> _Problem description_: Transcribe the whole listing below. Pictures do not go in the copy.

> _Given information_:
##########
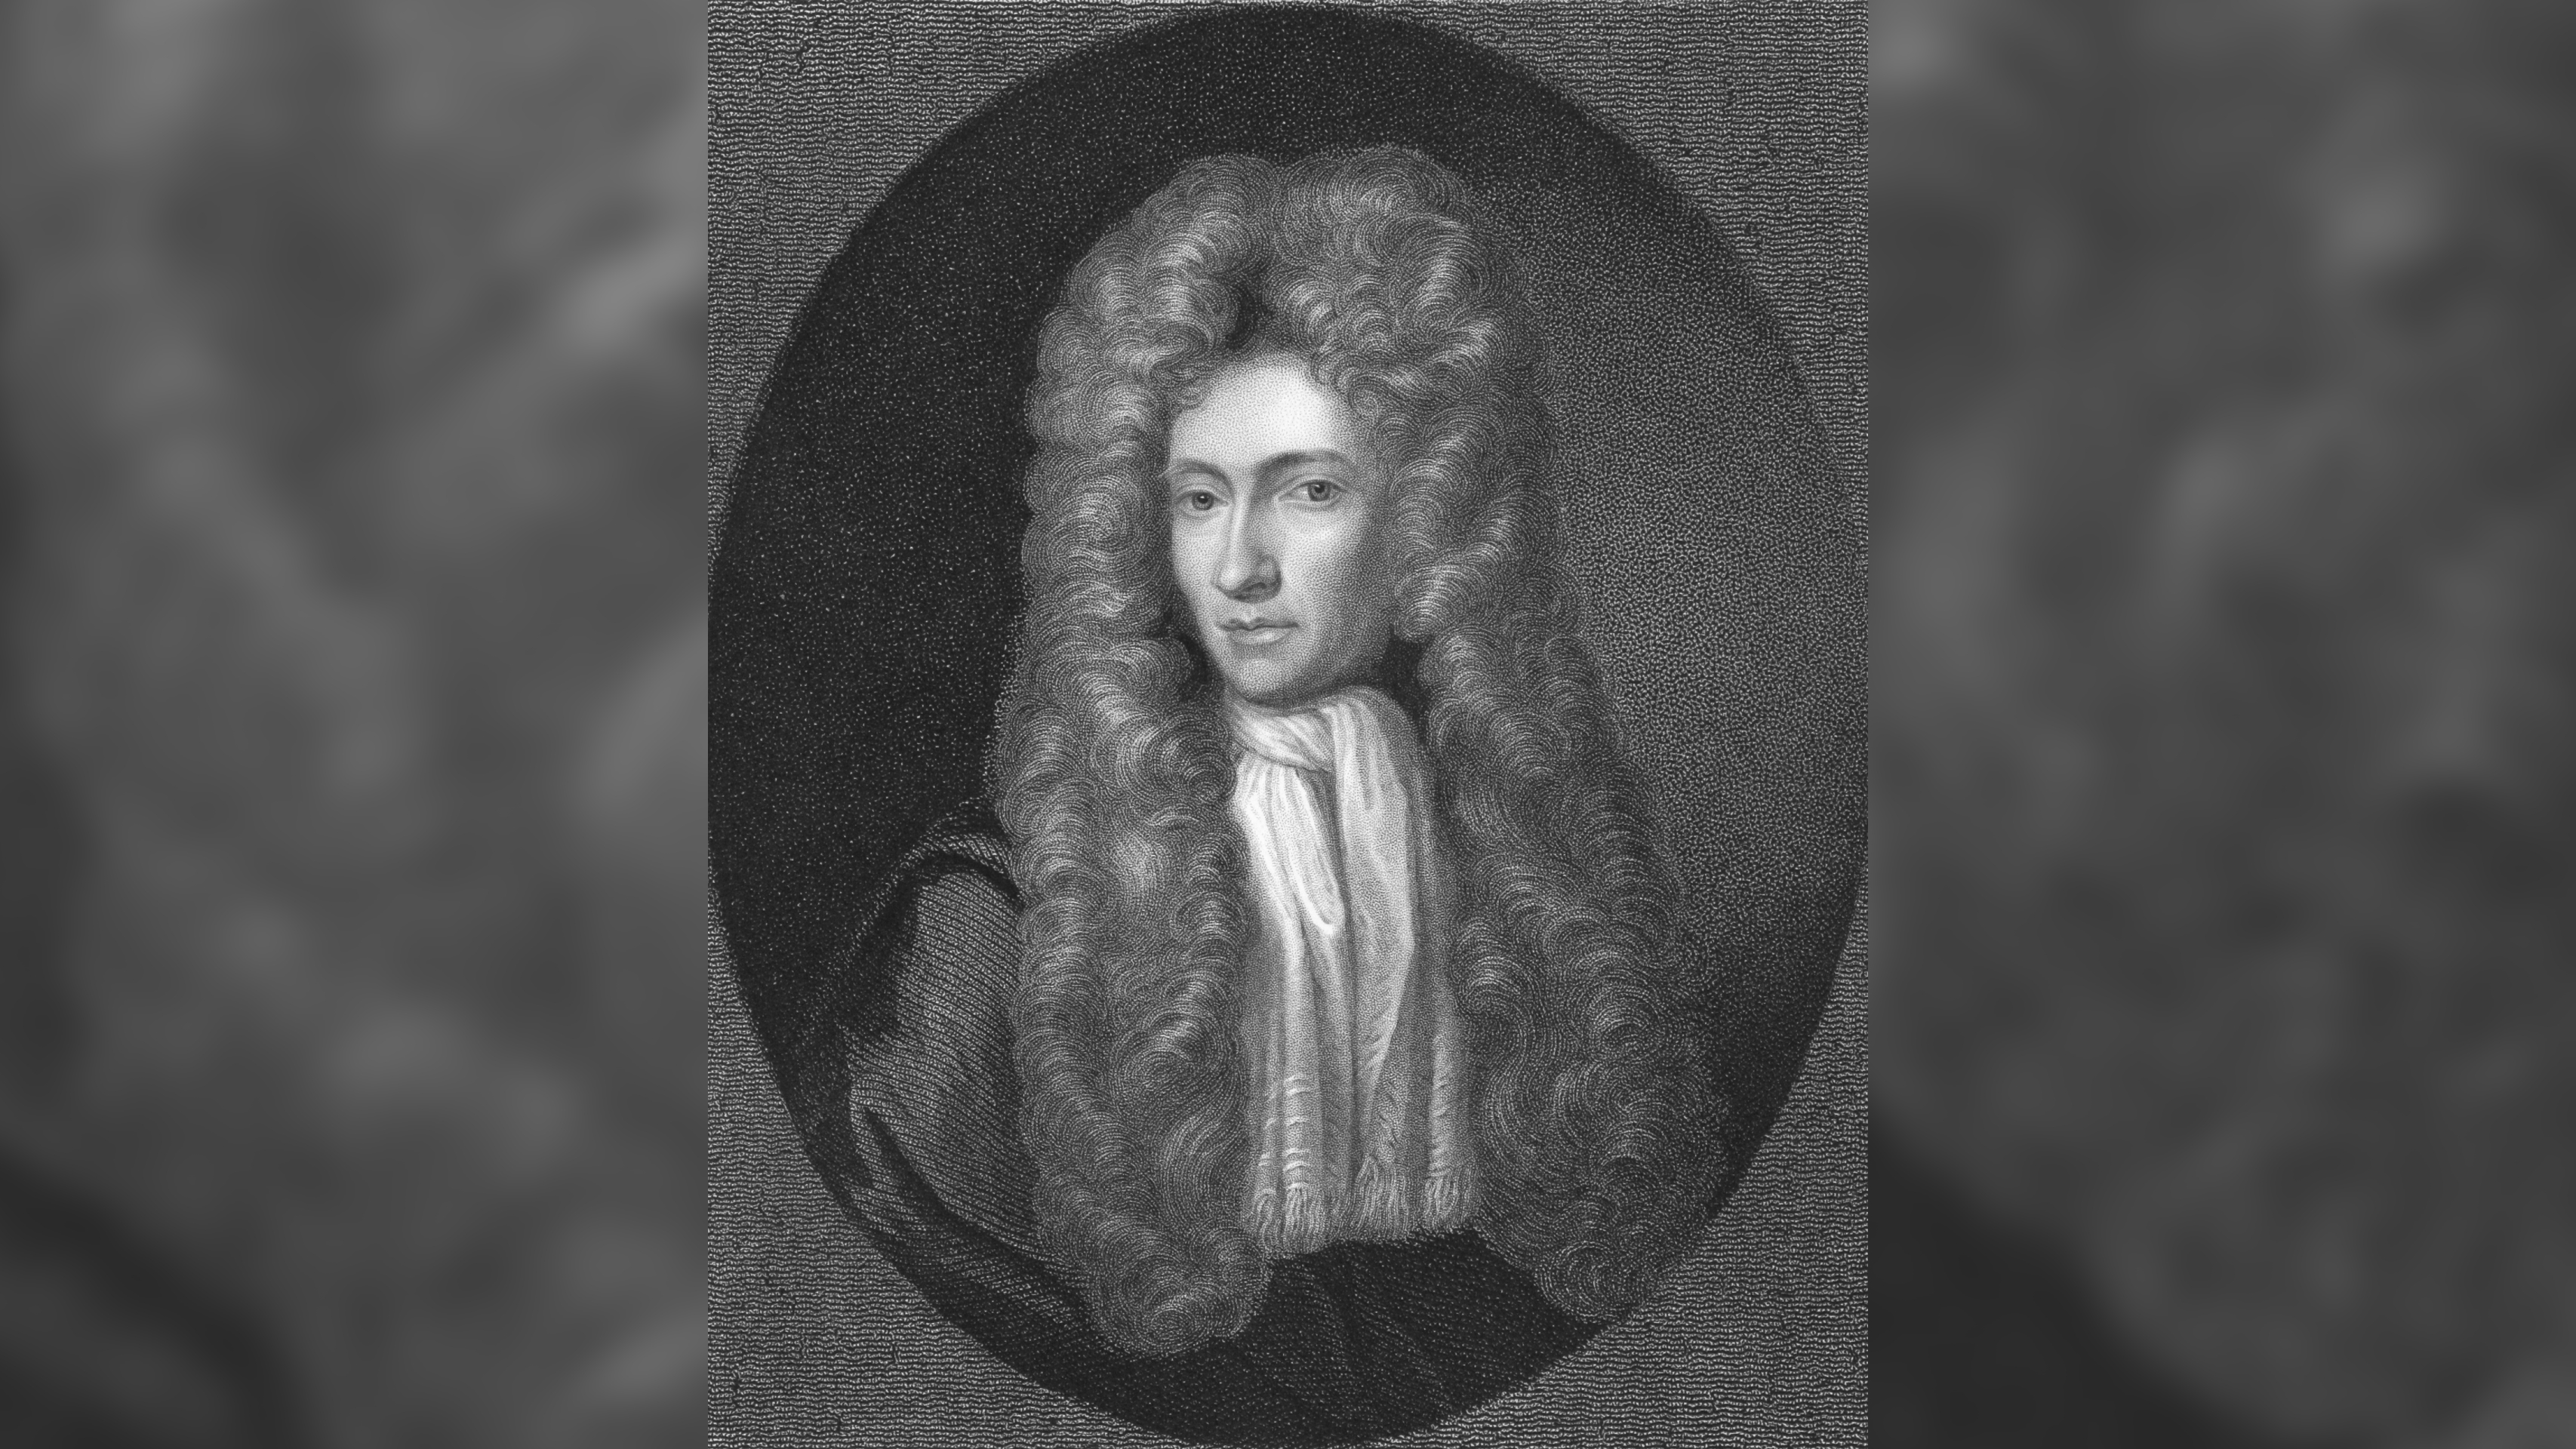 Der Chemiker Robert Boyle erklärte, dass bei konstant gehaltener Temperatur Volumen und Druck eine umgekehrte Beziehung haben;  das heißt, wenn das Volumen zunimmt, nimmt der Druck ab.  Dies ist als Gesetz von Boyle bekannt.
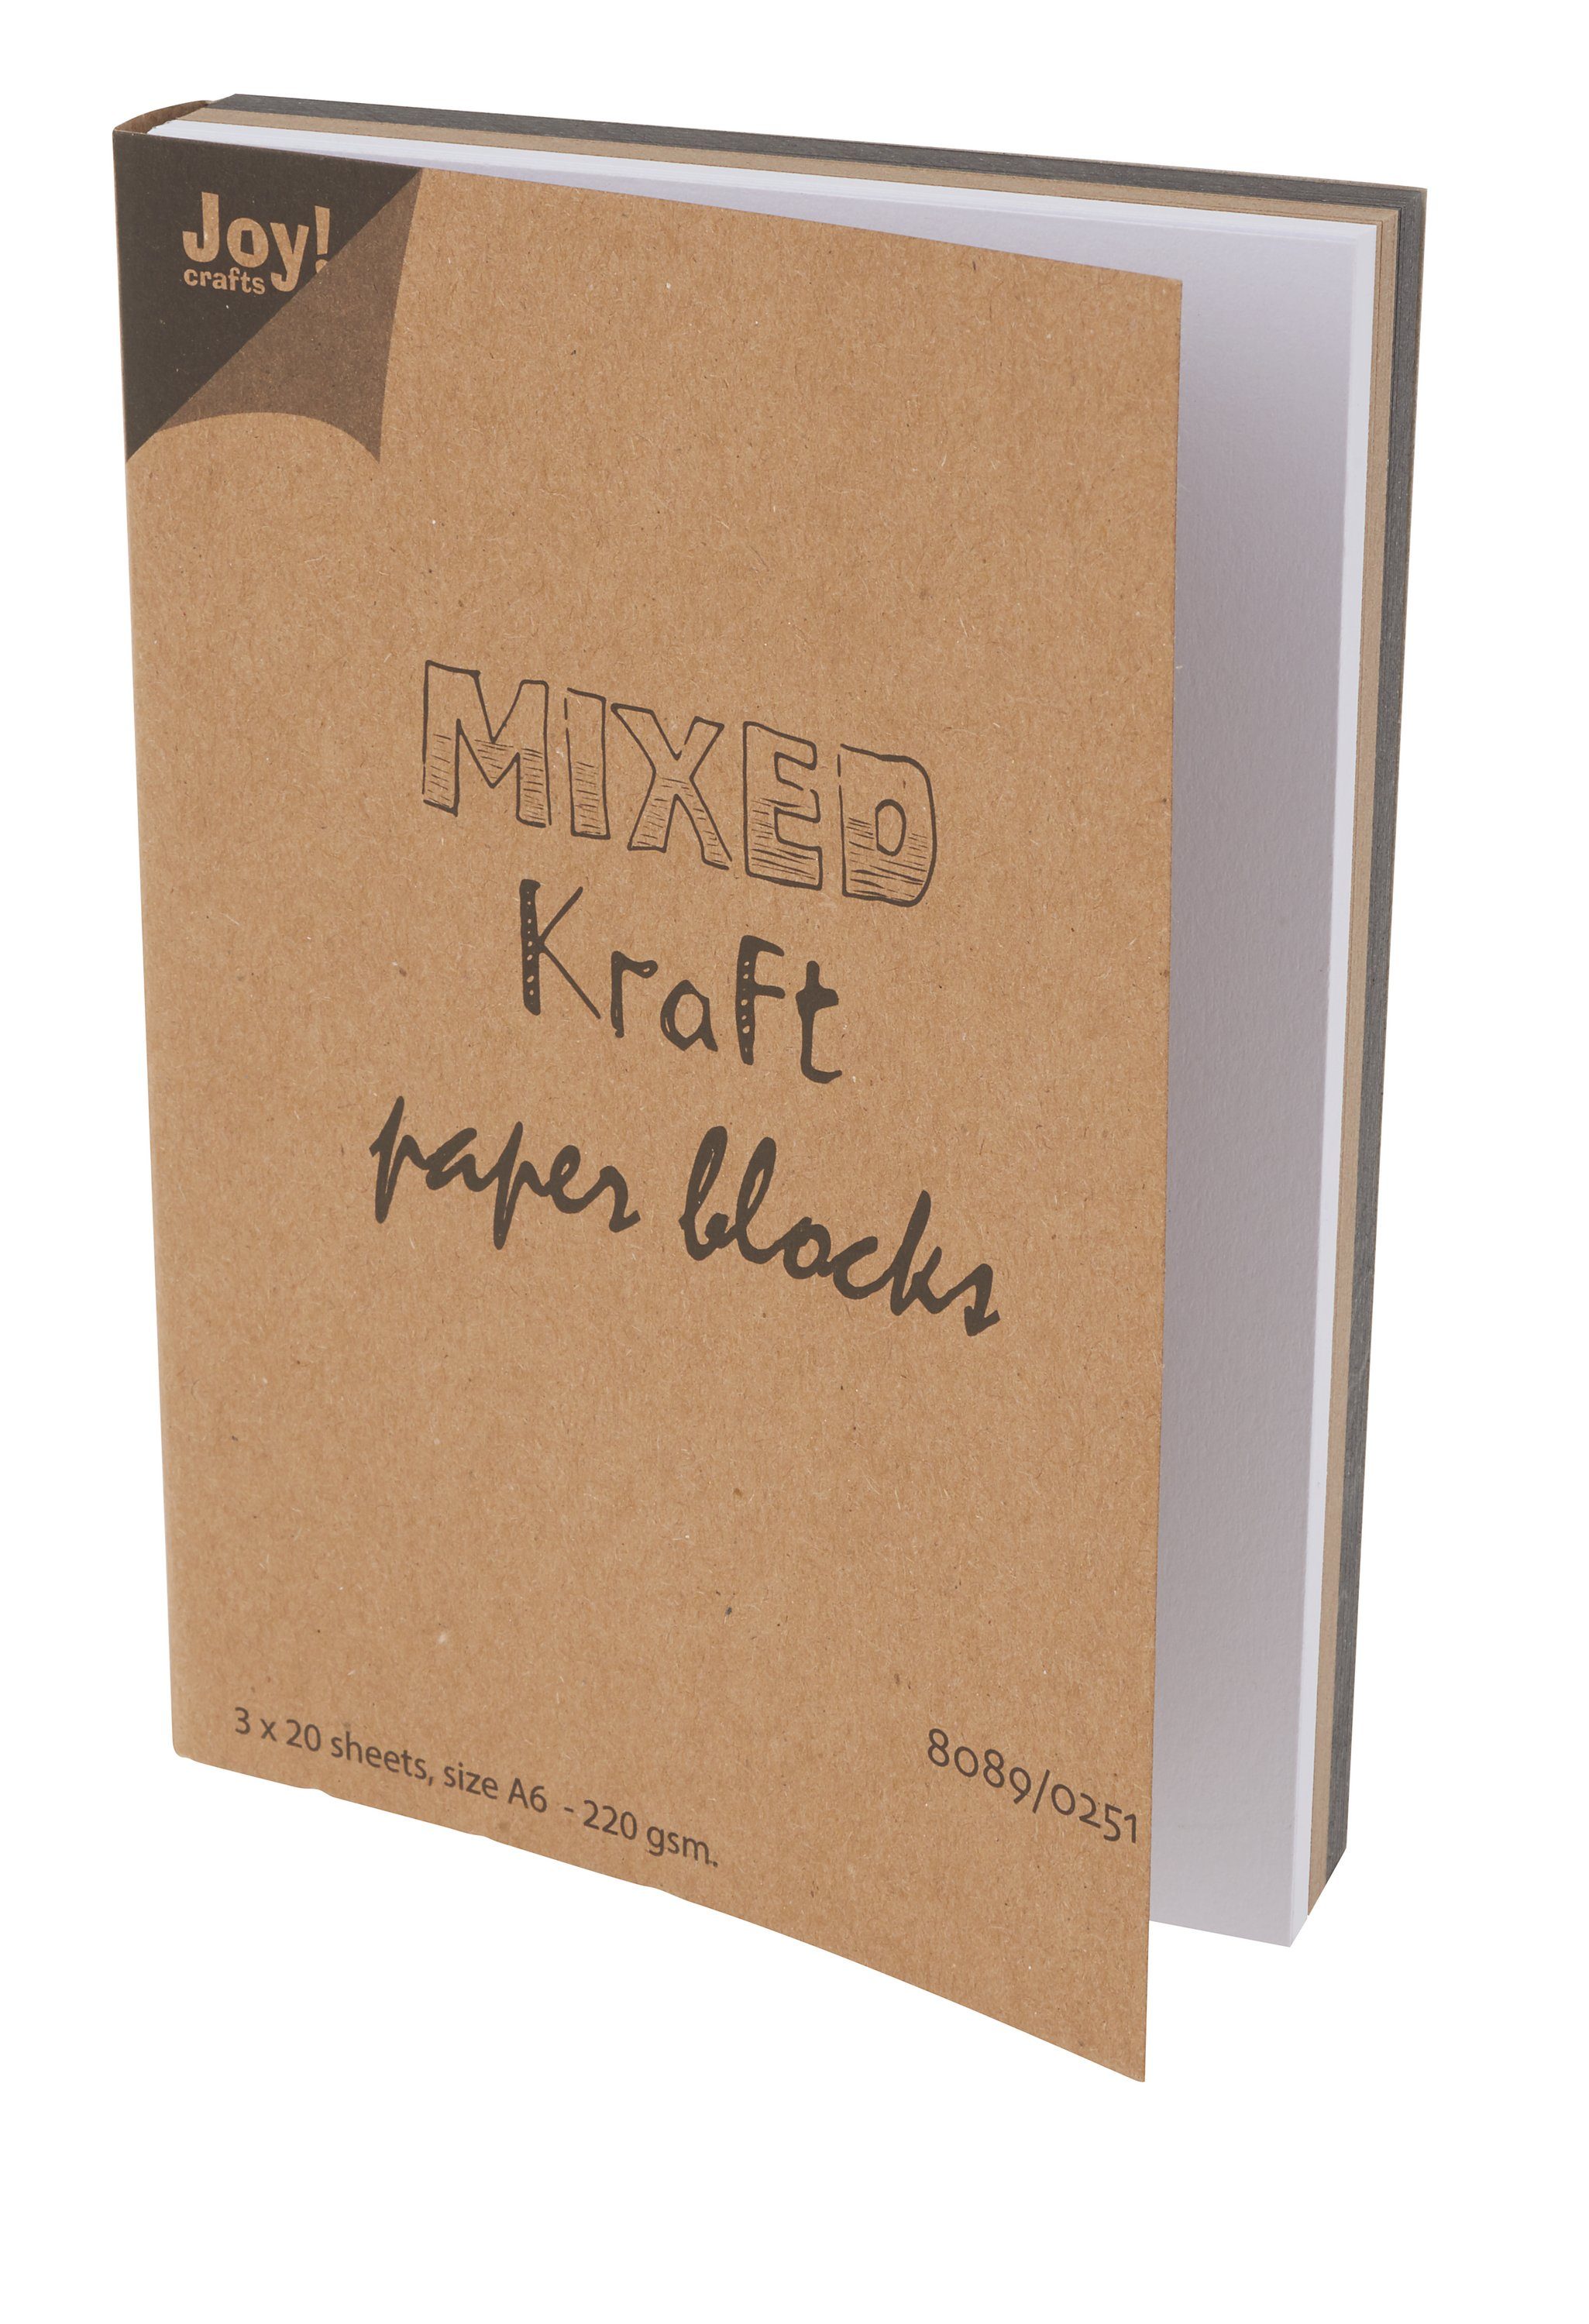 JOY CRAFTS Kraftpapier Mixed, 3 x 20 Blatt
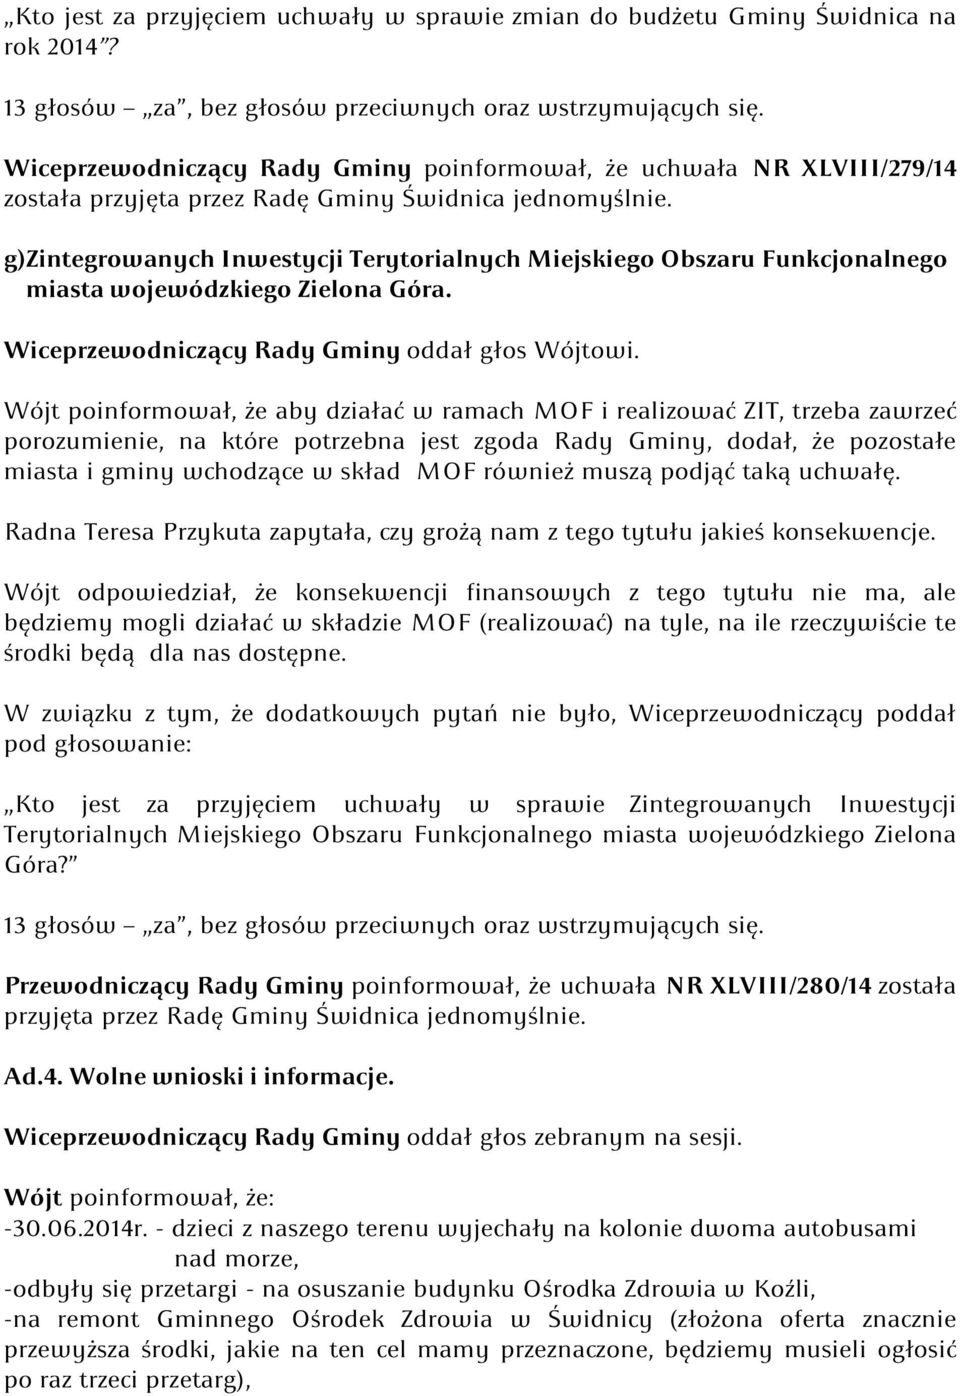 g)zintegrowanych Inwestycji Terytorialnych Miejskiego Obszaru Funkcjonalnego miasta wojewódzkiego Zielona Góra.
##########
> _Task response_:
 Der Chemiker Robert Boyle erklärte, dass bei konstant gehaltener Temperatur Volumen und Druck eine umgekehrte Beziehung haben;  das heißt, wenn das Volumen zunimmt, nimmt der Druck ab.  Dies ist als Gesetz von Boyle bekannt.
 JOY CRAFTS Kraftpapier Mixed, 3 x 20 Blatt
 g)zintegrowanych Inwestycji Terytorialnych Miejskiego Obszaru Funkcjonalnego miasta wojewódzkiego Zielona Góra.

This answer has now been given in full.